Nowadays, a lot of attention is being paid on the SOAR vs. SIEM debate. To get the most benefit from your security data, it is vital to understand the difference between these essential cybersecurity tools. Although SOAR and SIEM have several components in common, we cannot use these tools interchangeably as they are different in nature.
In this article, we will look into comprehension introduction of SIEM and SOAR, some key differences between them, how they can collectively provide multilayer cyber security, and knowing the importance of their seamless integration.

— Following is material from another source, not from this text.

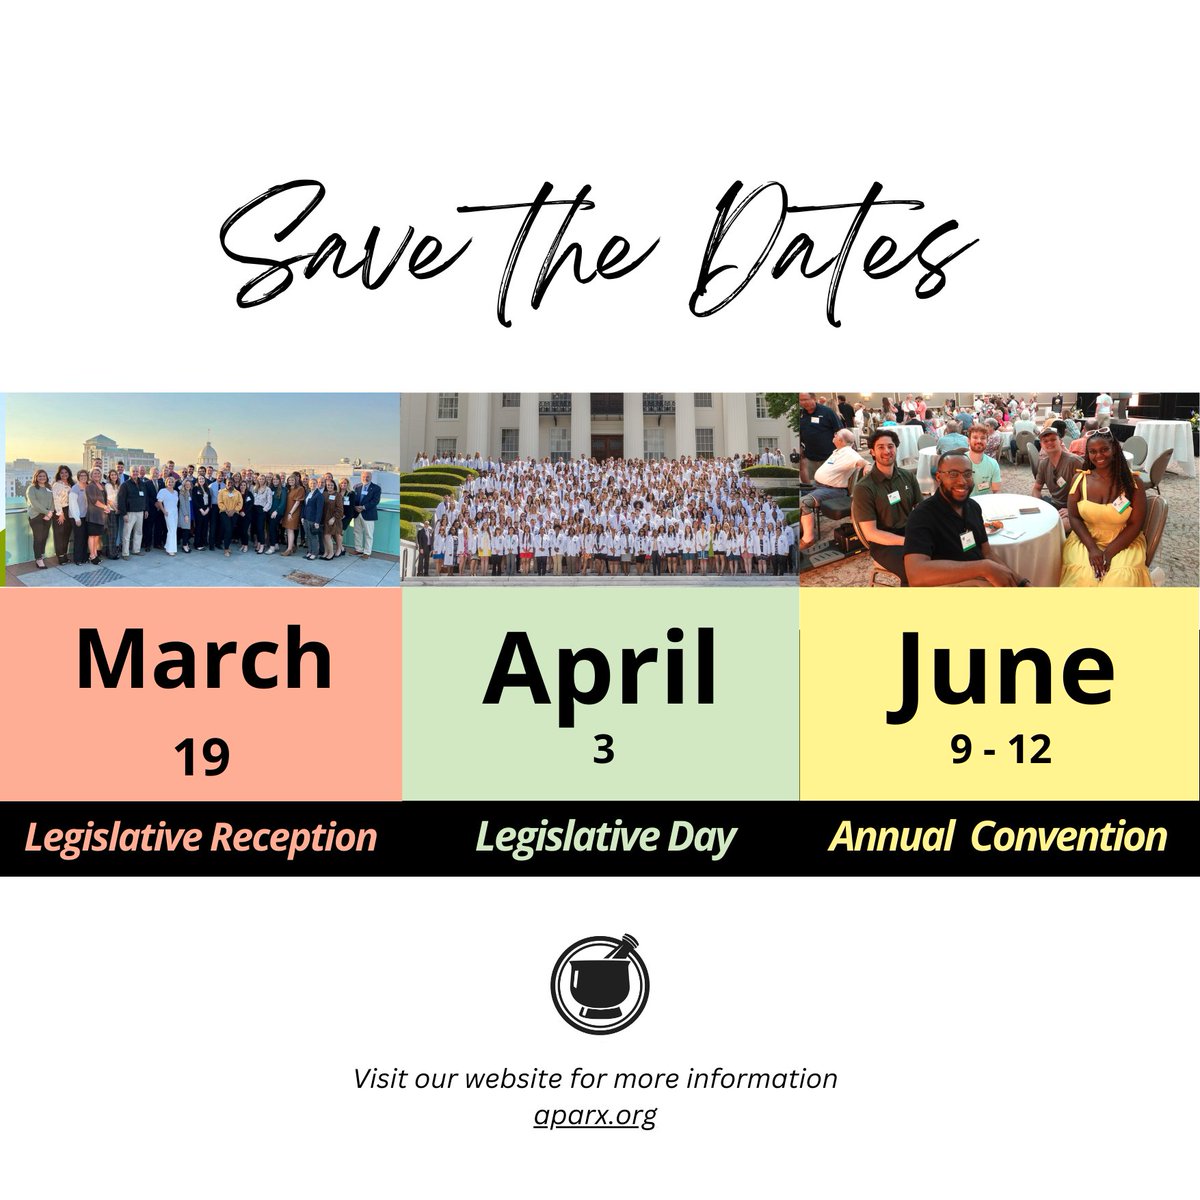 Mark your calendars for these important APA events! We’d love to see you there! For the legislative events, learn more and register here aparx.org/page/23 Registration for the Annual Convention will be made available in the coming months.

SIEM stands for Security Information and Event Management. This platform efficiently collects and stores security data at a central point and then converts it into actionable intelligence. The security data may include antivirus logs, firewall logs, network logs, and hashes of downloaded files. Once data gathering is completed, analysts will be able to analyze it. SIEM also raises alerts if any suspicious activity is found.
Like SIEM, SOAR system also help SOC teams to manage and respond to countless alarms. However, SOAR takes things even a step further by combining a complete data collecting, standardization, case management, workflow, and analytics to allow enterprises implementing the defense-in-depth capabilities. In a nutshell, SOAR integrates security tools, applications, and systems and enable SOC teams to automate and orchestrate mundane, time-consuming, and repetitive manual tasks.
As we know, the SIEM solution only raises an alert in the event of detecting any suspicious activity. Thereafter, security analysts will decide whether further investigation is required or not. On the other hand, a SOAR not only automates investigation path workflows but also reduces the time needed to deal with pesky alerts.
When it comes to SIEM vs. SOAR debate, both security solutions aggregate security data from many sources, but the locations and the quantity of information that is being sourced are disparate. Usually, the SIEM system ingests numerous types of logs and event data from the traditional infrastructure component sources. In contrast, a SOAR solution takes in all that and even more. For instance, SOAR has the capability to ingest data from endpoint security software, external threat intelligence feeds, and third-party sources.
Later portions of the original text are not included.